§ Supplied information
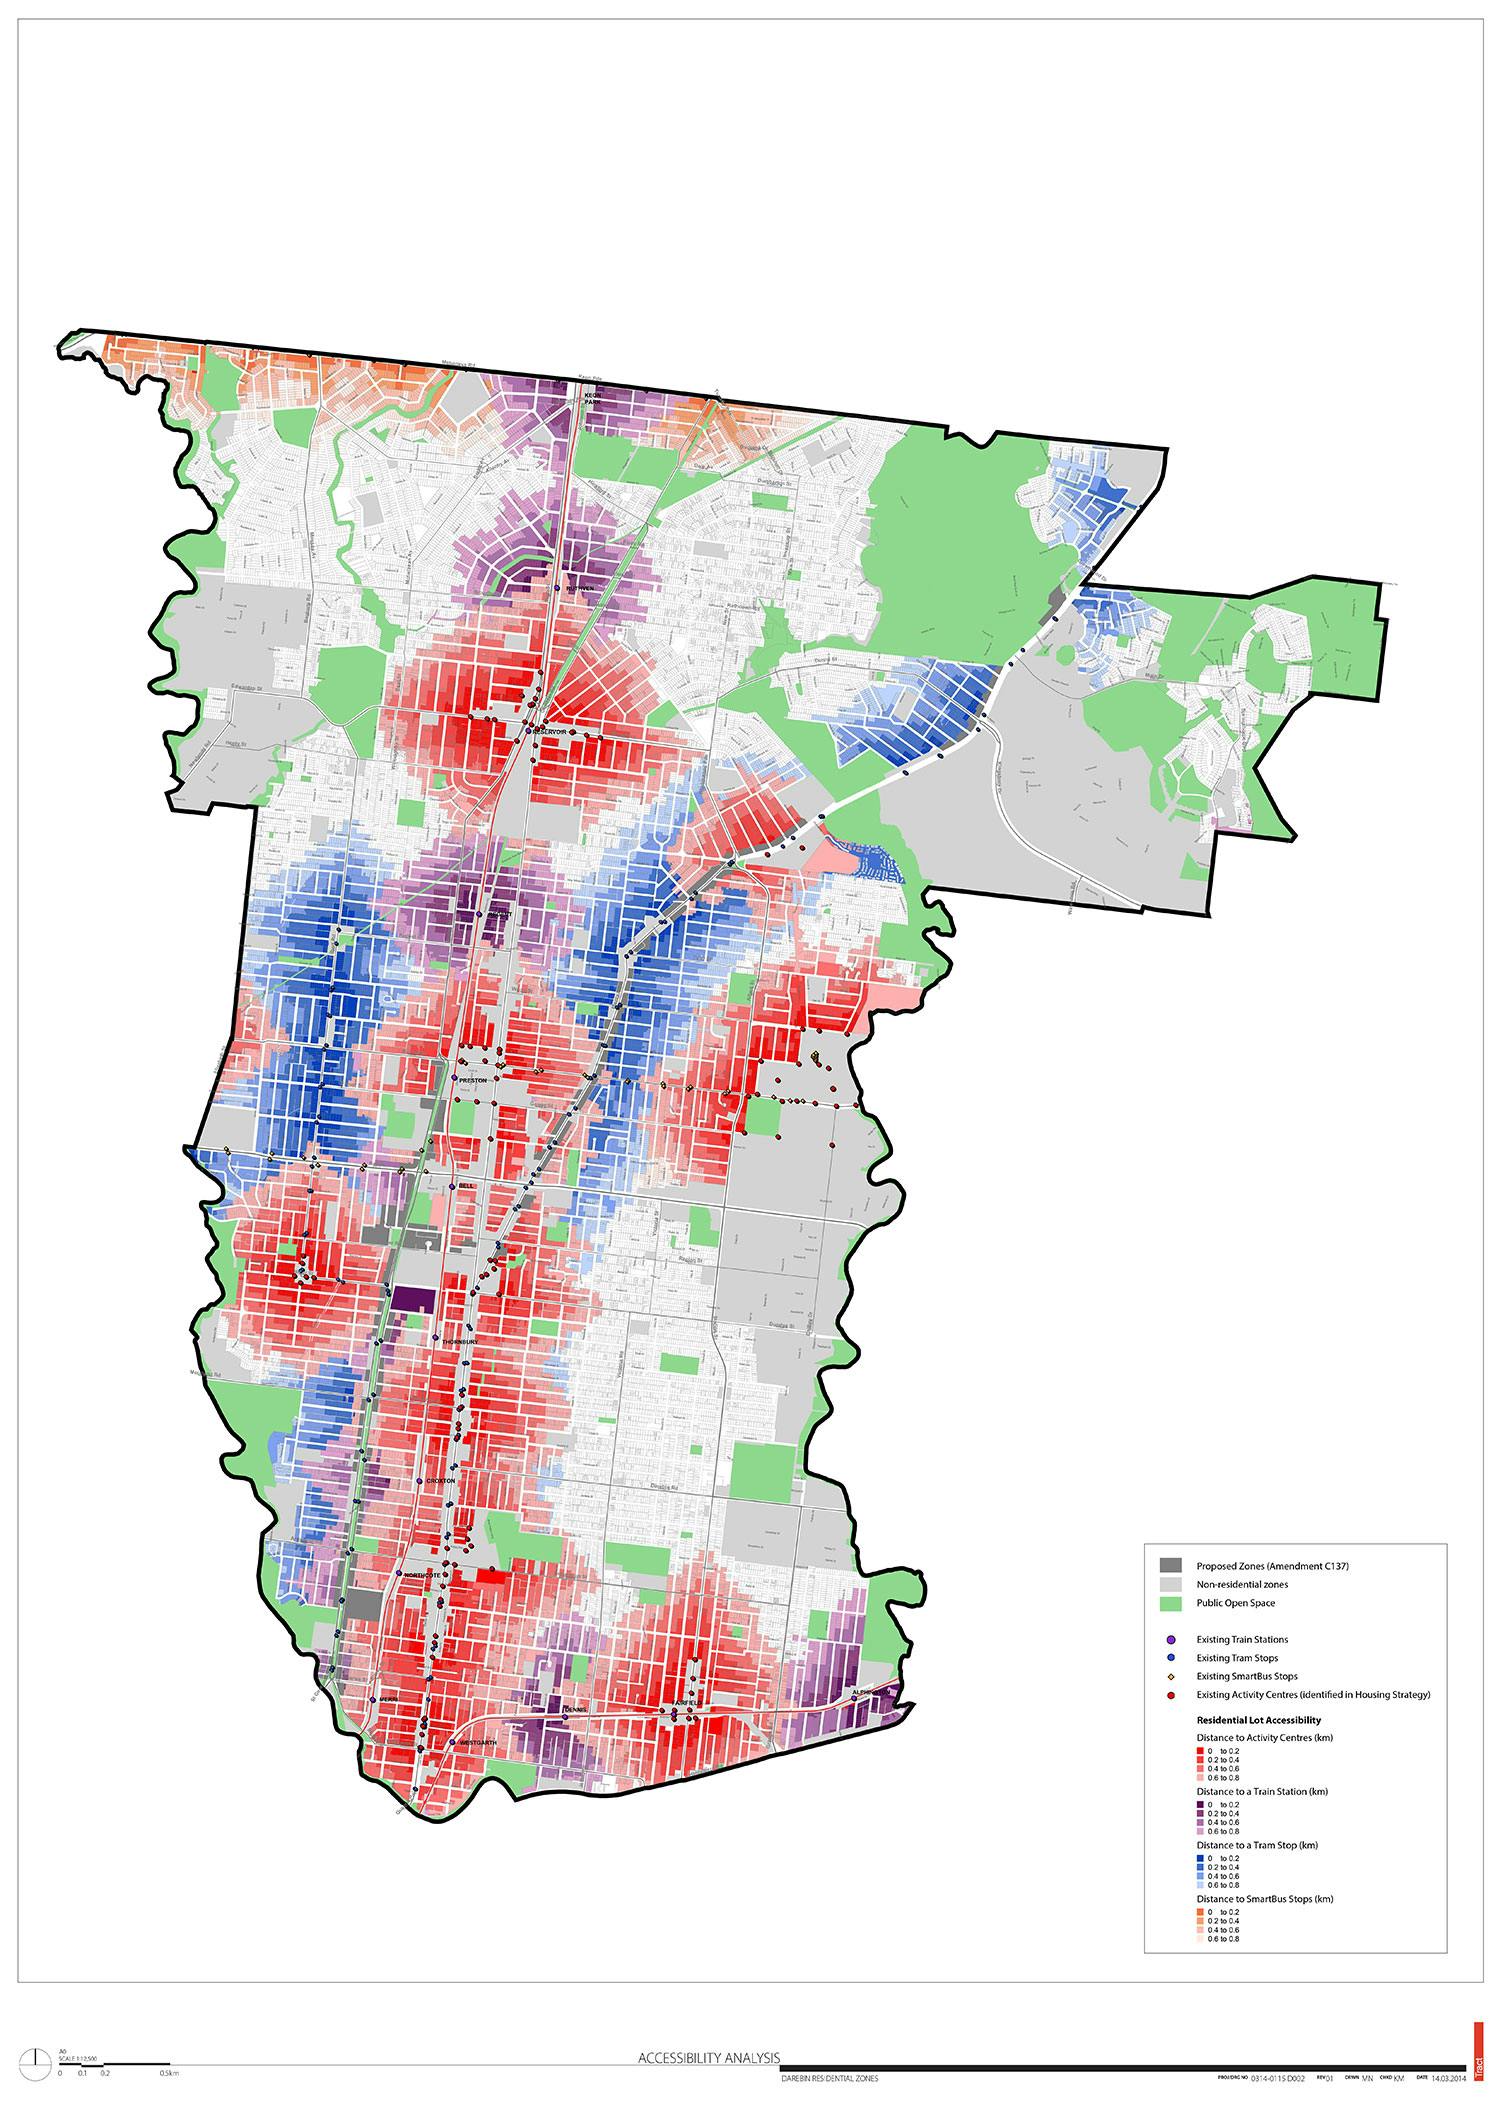 Accessibility Analysis (800m Walking Catchments from activity centres and major transport) Municipal Map
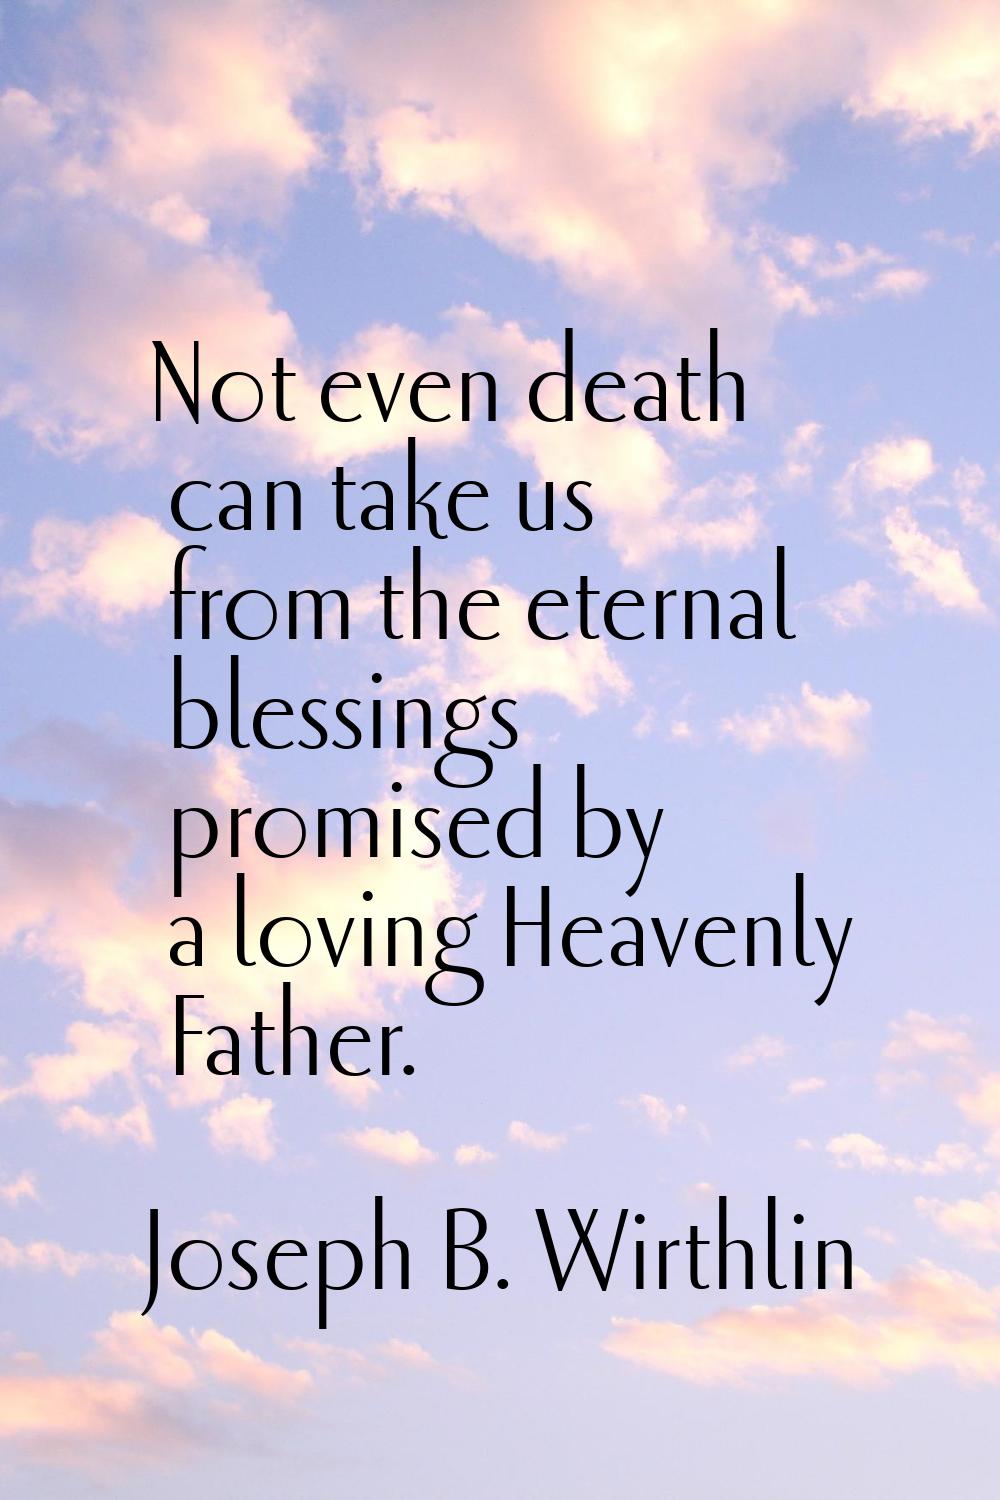 Not even death can take us from the eternal blessings promised by a loving Heavenly Father.
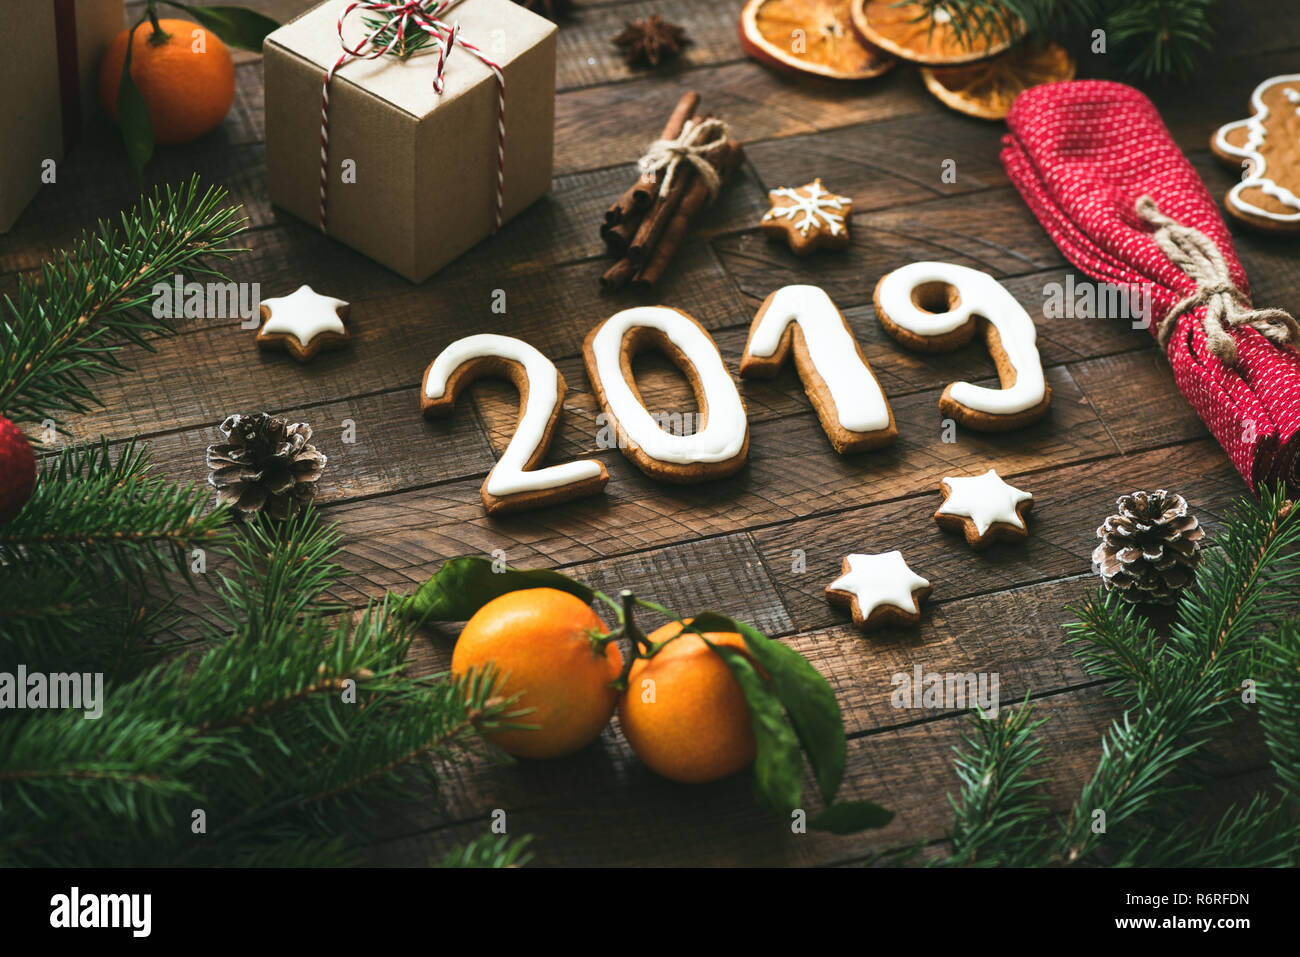 Christmas or New Year 2019 greeting card. Rustic Authentic Winter still life Stock Photo

§ Problem statement
Return, exactly as they stand, all of the lines above, but not the pictures.

§ Result
 Accessibility Analysis (800m Walking Catchments from activity centres and major transport) Municipal Map
 Not even death can take us from the eternal blessings promised by a loving Heavenly Father.
 Christmas or New Year 2019 greeting card. Rustic Authentic Winter still life Stock Photo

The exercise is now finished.